After defining the convolution and deconvolution matrices, the next step is to predict the trend component at a fine spatial resolution from the trend component at a coarse spatial resolution, which was quantified in the previous section. Thus, the main focus of this step is to estimate the deconvolution matrix. The convolution matrix is first constructed, and the deconvolution matrix is then estimated as the inverse convolution matrix of the convolution matrix. In this study, the convolution matrix is constructed as a sparse matrix, assuming that a Gaussian kernel-based point spread function (PSF), which is commonly used as the sensor PSF in remote sensing, can be applied for the COSP. The convolution matrix is a non-square matrix; therefore, its inverse matrix cannot be obtained, and a transposed convolution matrix is used instead as the initial deconvolution matrix (

{\hat{D}}_{0}

) [33]. The optimal deconvolution matrix is then selected as one that minimizes the noise term in Equation (6).

If the DTCS and STFS data are obtained simultaneously on the prediction date (

p

), the deconvolution matrix (

{\hat{D}}_{p}

) can be calculated from the initial deconvolution matrix by setting the error term (

∆ d_{p}

) to zero,

{\hat{D}}_{k} = {\hat{D}}_{0} + ∆ d_{k},

(7)

where the error term (

∆ d_{k}

) is estimated to minimize the noise of Equation (6).

However, as there are no true STFS data at the prediction date, it is not feasible to directly estimate the error term and deconvolution matrix. Instead, the iterative optimization procedure for minimizing the error term in Equation (7) is adopted to estimate the deconvolution matrix. The error at the pair dates (

K

) is defined as the difference between deconvoluted DTCS and true STFS on the pair dates as in Equation (8),

∆ d_{k} = {\hat{D}}_{0} Z_{i, k}^{C} - Z_{j, k}^{F}, k = 1, \dots, K .

(8)

The error term at the prediction date is then estimated by calculating a weight (

w_{k}

) that considers the difference between the prediction date (

p

) and the pair date (

k

) via Equations (9)–(11),

w_{k} = \frac{1 / ∆ t_{k}}{\sum_{k = 1}^{K} 1 / ∆ t_{k}},

(9)

∆ t_{k} = | t_{k} - t_{p} |,

(10)

∆ d_{k} = w_{1} ∆ d_{1} + w_{2} ∆ d_{2} + \dots + w_{k} ∆ d_{k} .

(11)

More specifically, an initial deconvolution matrix for each pair date is first set up using the DTCD and STFS datasets on the corresponding date.

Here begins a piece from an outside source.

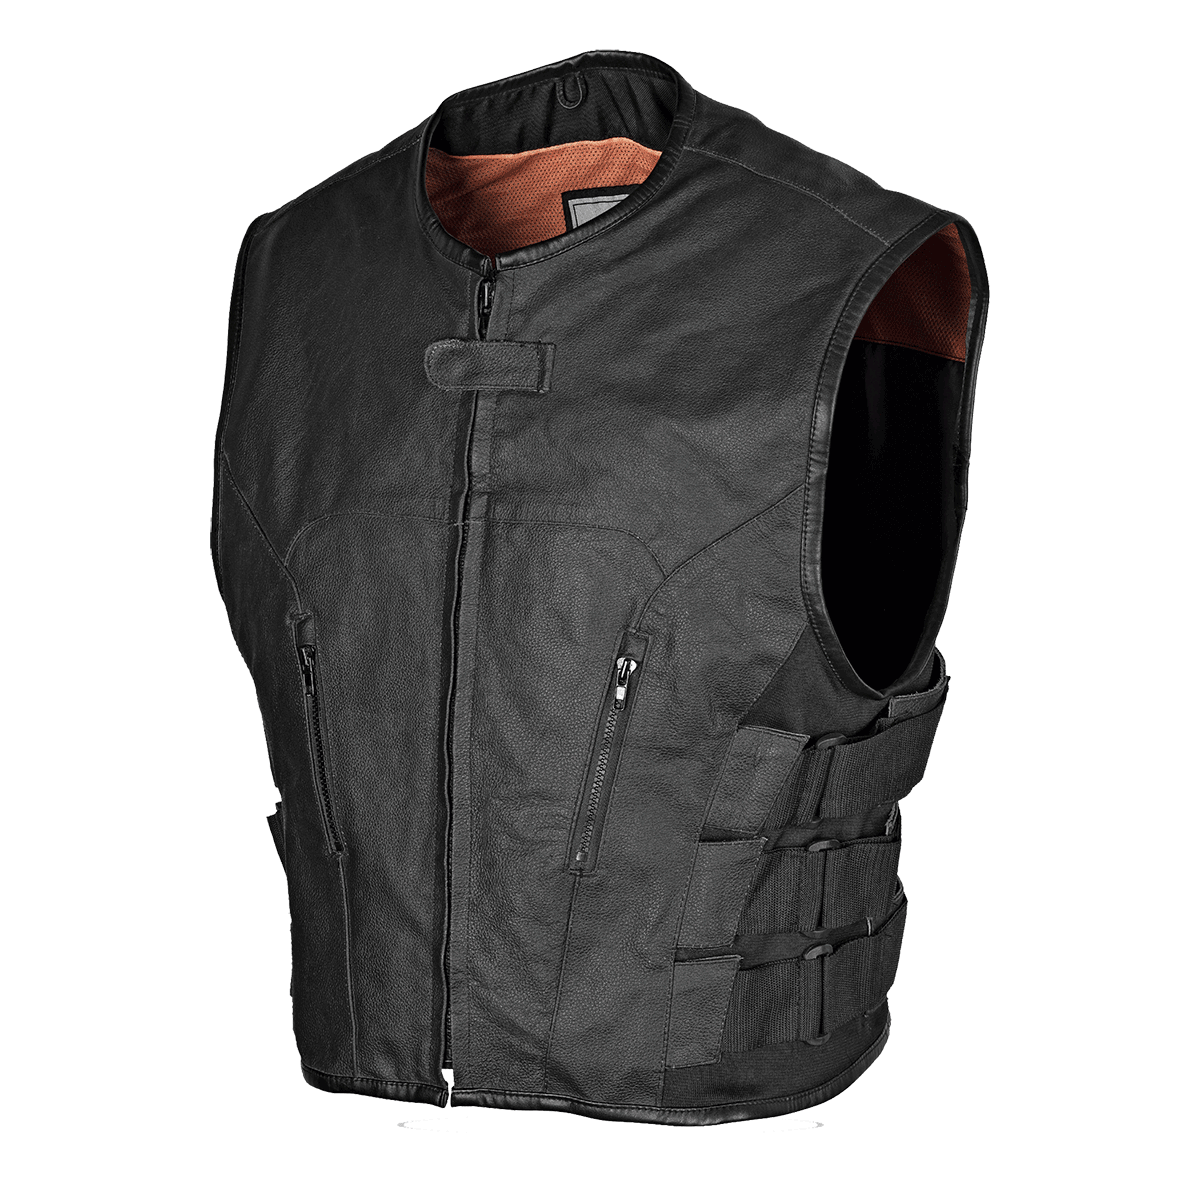 Vance Men's Basic Leather Tactical Style Vest

The error term in Equation (8) is then calculated for each pair date. Under the assumption that the error at the prediction date is similar to that at the pair date that is close to the prediction date, the temporal distance is computed using Equation (10) and then used as a weighting value in Equation (9). That is, if the specific pair date is close to the prediction date, a higher weighting is assigned to the error term at the specific pair date. Finally, the errors at the prediction date are estimated by a weighted combination of the errors from all the pair dates.

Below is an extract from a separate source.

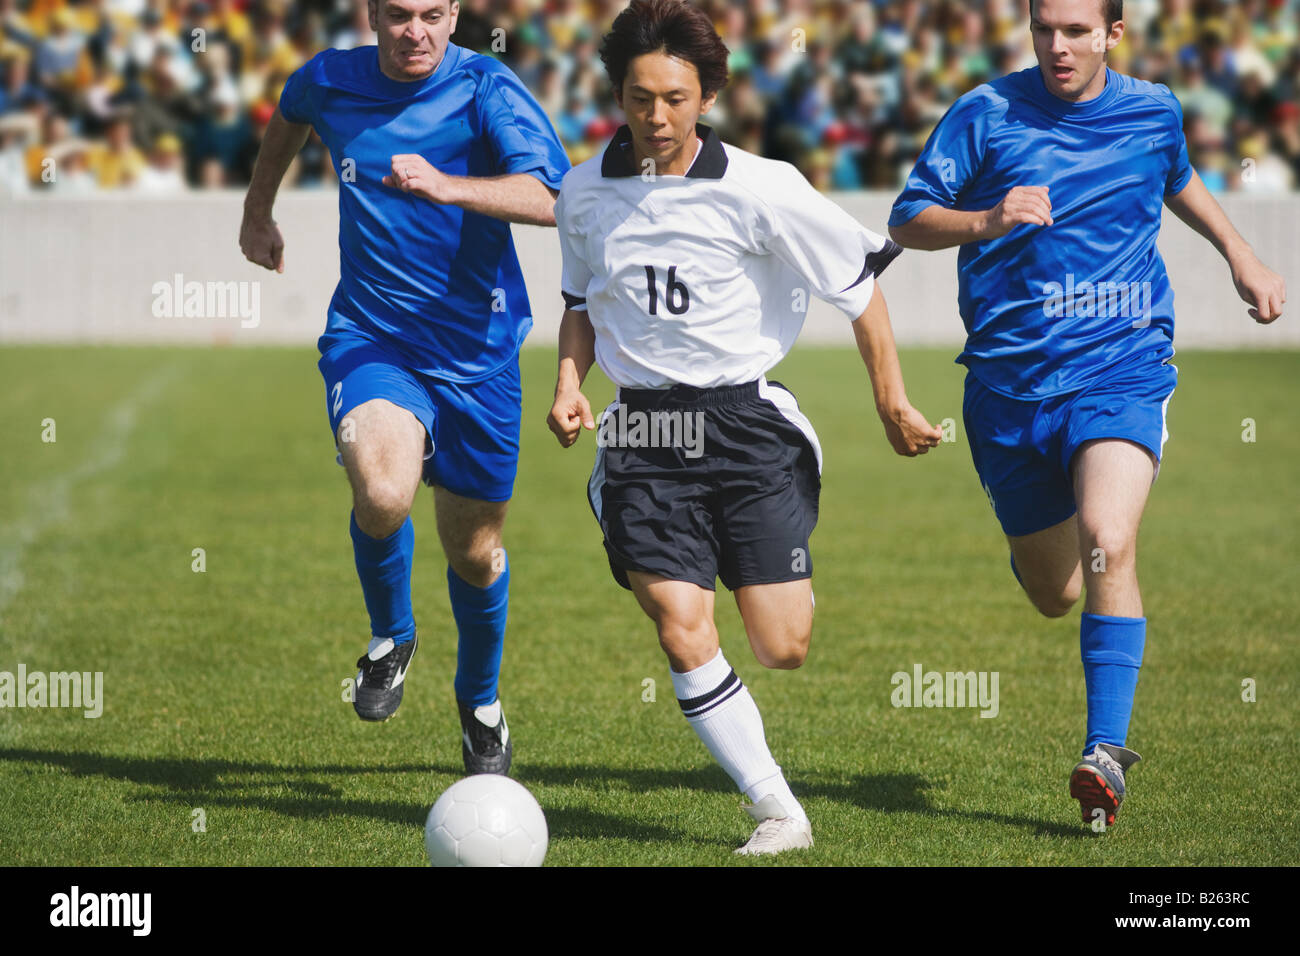 Soccer Player Dribbling Past Defenders Stock Photo

After the errors at the prediction date have been estimated, the optimized deconvolution matrix can be obtained using Equation (7). This optimization of the deconvolution matrix is repeated until the mean squared errors on the prediction date are less than a predefined threshold value. After the iterative process is completed, the deconvolution matrix is applied to temporal information of DTCS data estimated in the first step and the fine resolution trend component on the prediction date (

m^{F} (u_{j}, t_{p})

) is finally obtained.

2.4. Estimation of Residuals at a Fine Spatial Resolution

The next analytical step is to estimate the residual component at a fine spatial resolution to fully account for variations in the target attribute at a fine spatial resolution. The consideration of the residual component for spatiotemporal fusion can account for the change information that is not contained in the trend component. As the trend component at a coarse spatial resolution has already been estimated in the first step, the residual component at a coarse spatial resolution is readily available from the DTFS data for the prediction date in Equation (1). Spatial downscaling can then be applied to predict the residual component at a fine spatial resolution. However, the final prediction result, which is the sum of the fine resolution trend and residual components, may not satisfy the consistency or mass-preserving property [34,35]; therefore, the upscaled prediction result may be different from the DTFS data on the prediction date.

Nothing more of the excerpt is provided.